I finally had a chance to finish it and...

It's a wonderful book. I highly recommend it.

I've practically blackened the margins of almost every page with notes -- some saying only "yes, yes" and others "no, no!"

I have some quibbles with her analysis, but since I strongly believe them to be threshold faults rather blind ones I'll stand on that threshold and defend her even as I try persuading her to step on through.

Asexuality, like bisexuality and others, is a sexual orientation, only instead of feeling sexual around one or both genders asexual don't feel sexual towards anyone. In word and deed Sewell seems perfectly asexual. As she says "I'd rather eat chocolate." Or, as she also says, "Not even the Holy Grail of orgasm was enough to muscle up my libido" and, later, "did I come this time? I don't have the heart to tell him, I don't care, I'm to exhausted to think about it. [emphasis hers --fl]

Ok, so here's the thing.
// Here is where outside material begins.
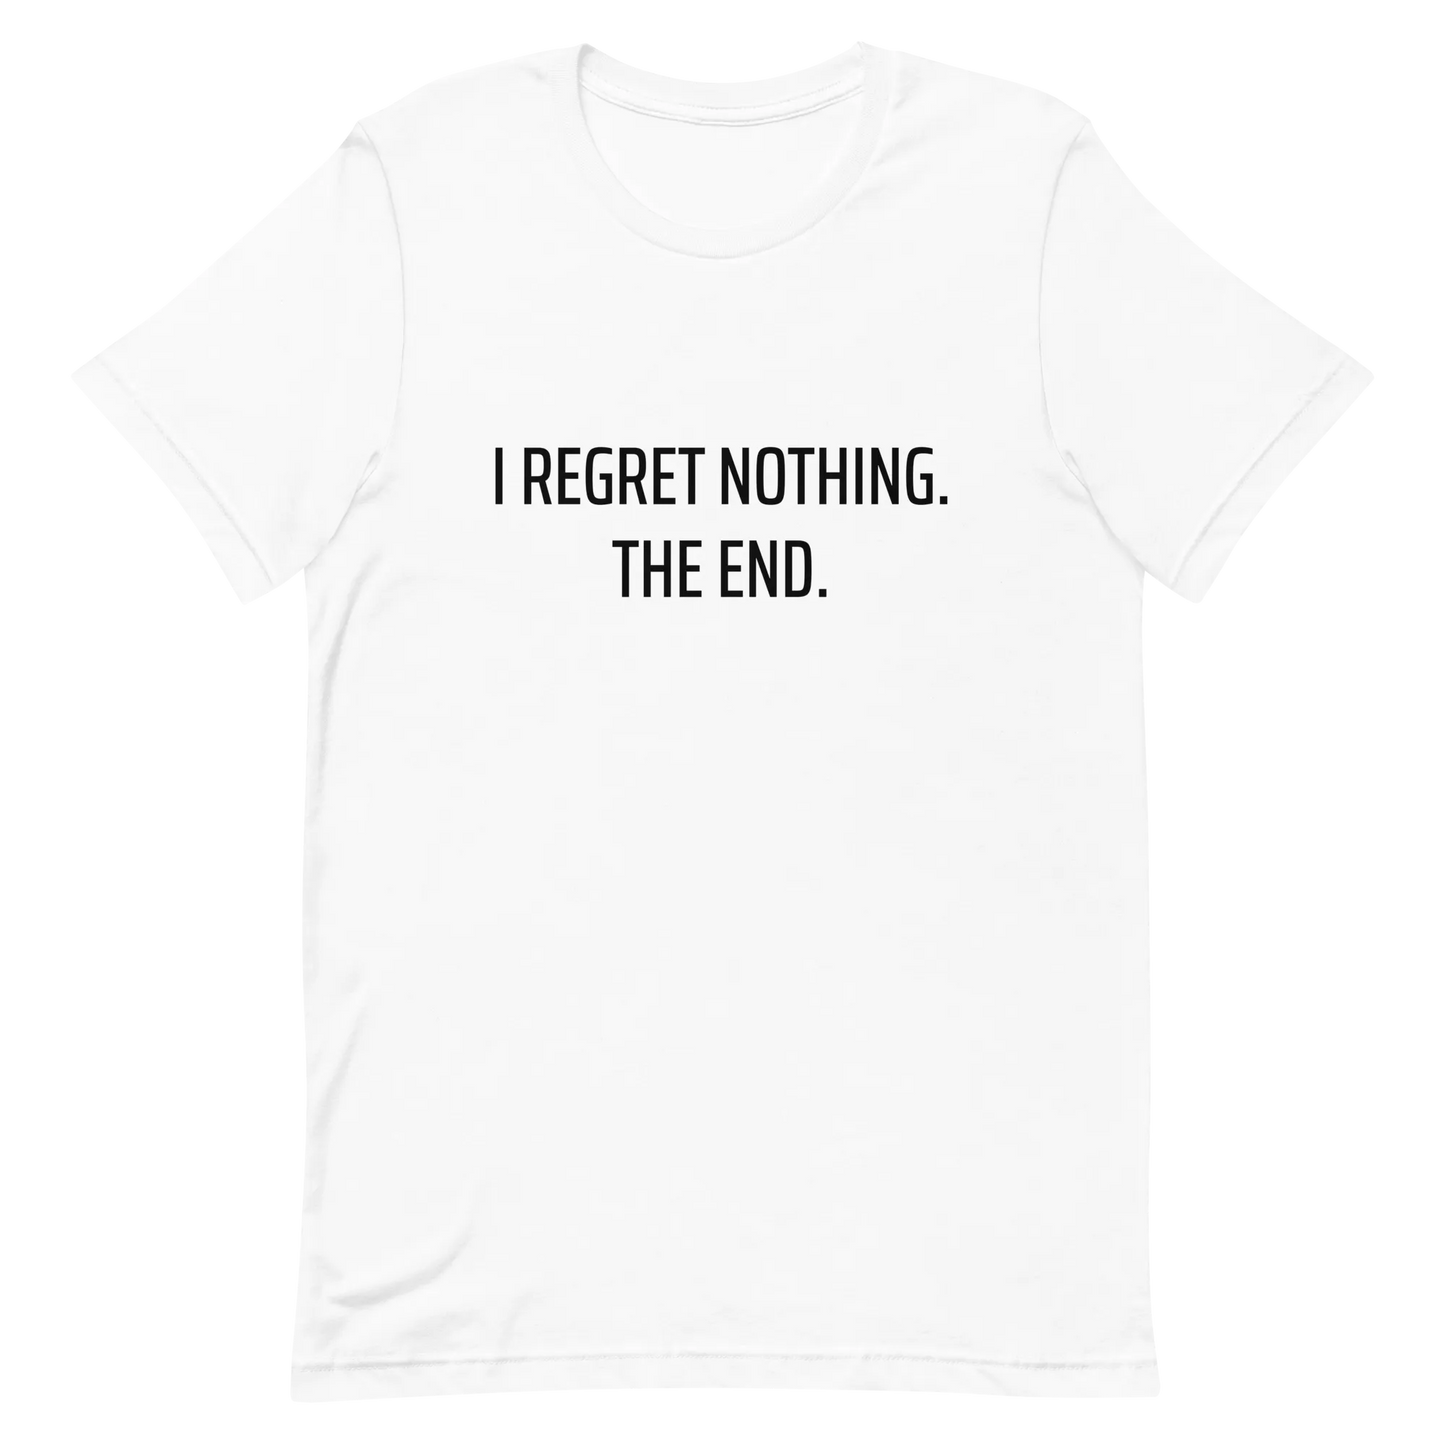 I Regret Nothing Tee in White flatlay

Just as bisexuality doesn't mean you fall in love with every man and woman you meet, asexuality doesn't mean you never fall in love at all. Like every other orientation asexuals are perfectly capable of enduring romantic love, enjoy long walks and backrubs, snuggles and sleeping side by side with someone they feel strongly for. They just feel no impulse to have sex.
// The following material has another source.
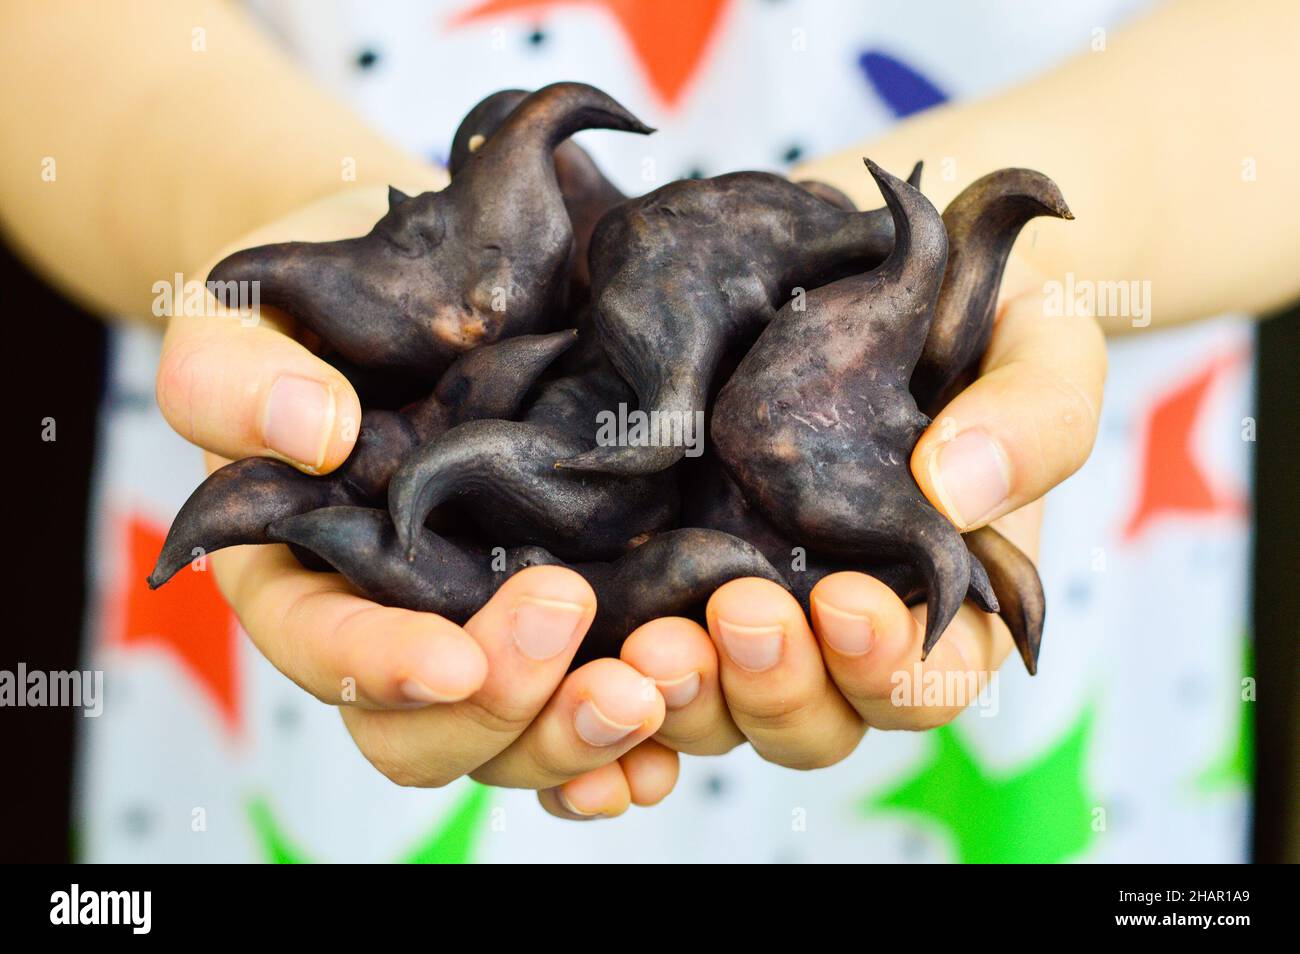 Two hands holding Chinese ling jiao (water caltrop). Stock Photo

Which brings us to Sewell's problem in her marriage. She went along with sex with her boyfriend, and naturally consummated their marriage (a good thing considering both church and common law) but since she didn't enjoy it for it's own sake, and *certainly* didn't enjoy it out of a sense of obligation (eww! obligation sex!) she put it off as often as possible.
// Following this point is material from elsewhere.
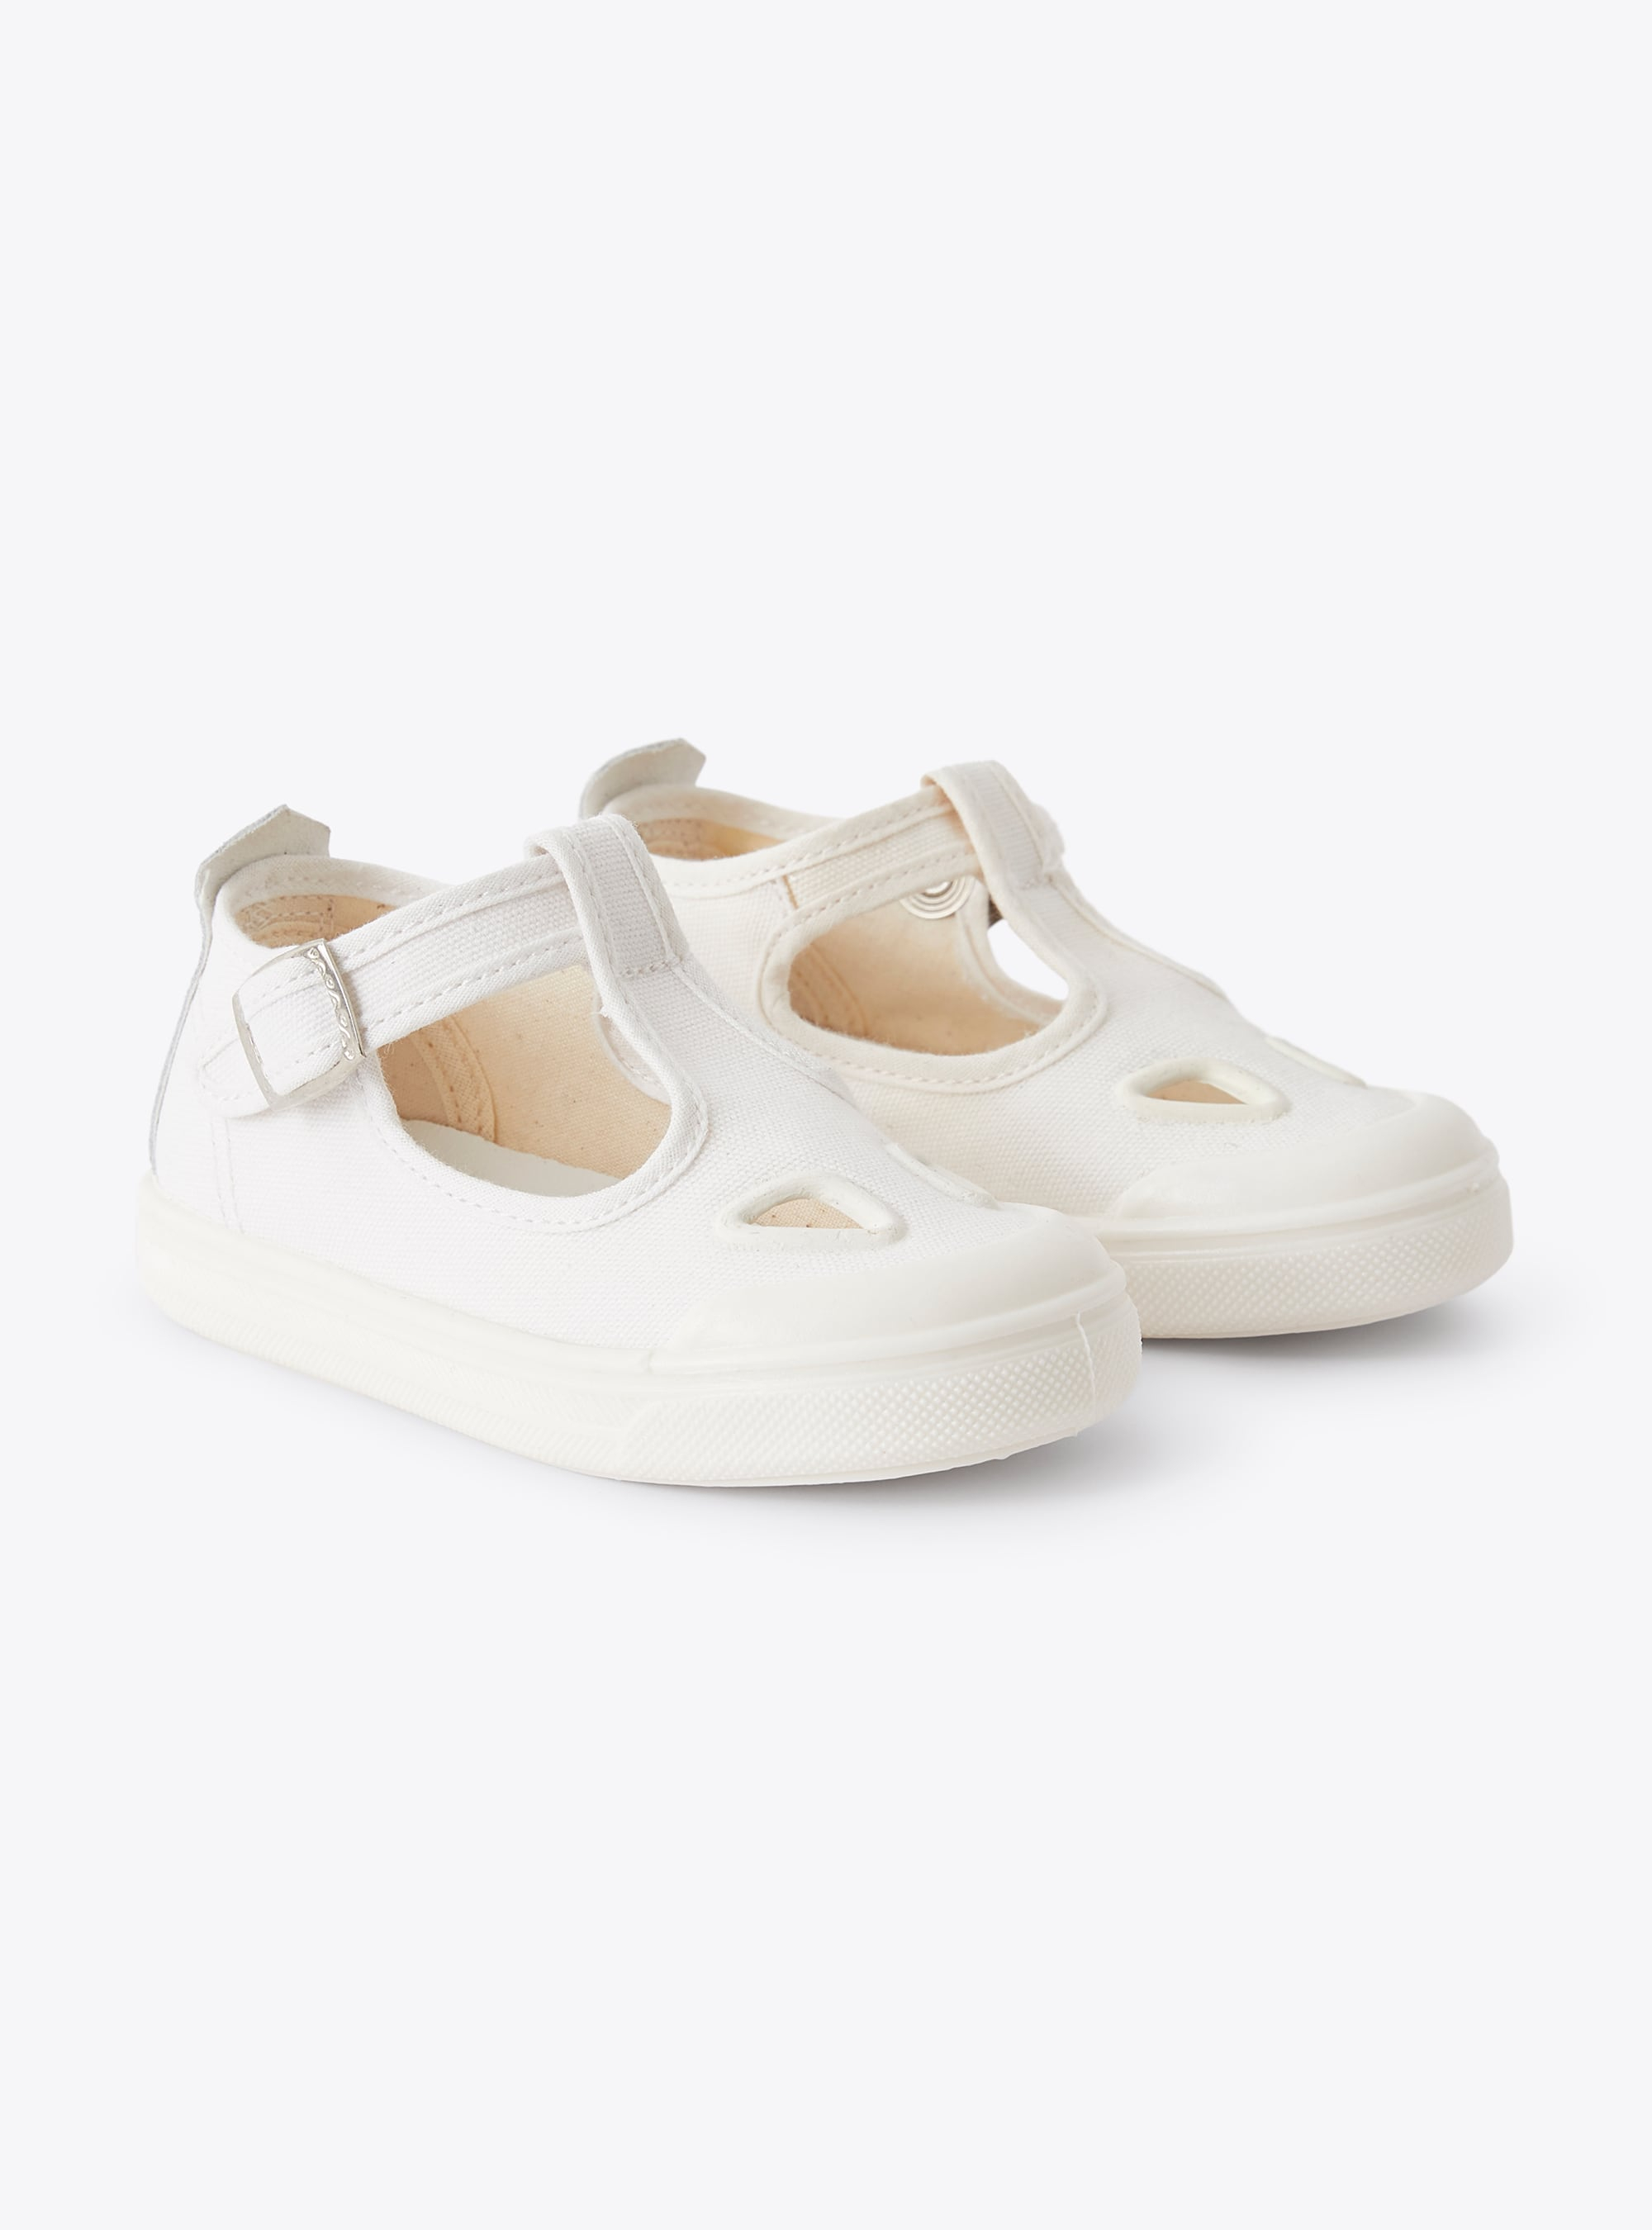 Sandal in white canvas with eyelets - White | Il Gufo

Her analysis of various strategies for putting off sex, and her narrative of her process for alternately justifying and rationalizing it, are excellent. And thorough.

The book really gets started, though, when her partner finally calls her on it.

Though slightly flawed her analysis of the common expectation that men will positively *explode* without sex, and that rather than face visits from wary TSA representatives they'll quickly leave and/or find it somewhere else is detailed and poignant. (The flaw being that she keeps considering and then discarding the possibility that men want *more* than sex in a relationship, rather than *only* sex.)

The book really begins, as I said, when her partner finally confronts her because, hoping to find a "cure" for her orientation (how's that going Exodus International?), she undertakes a survey of the major pop-psychology theories of sexual self-improvement.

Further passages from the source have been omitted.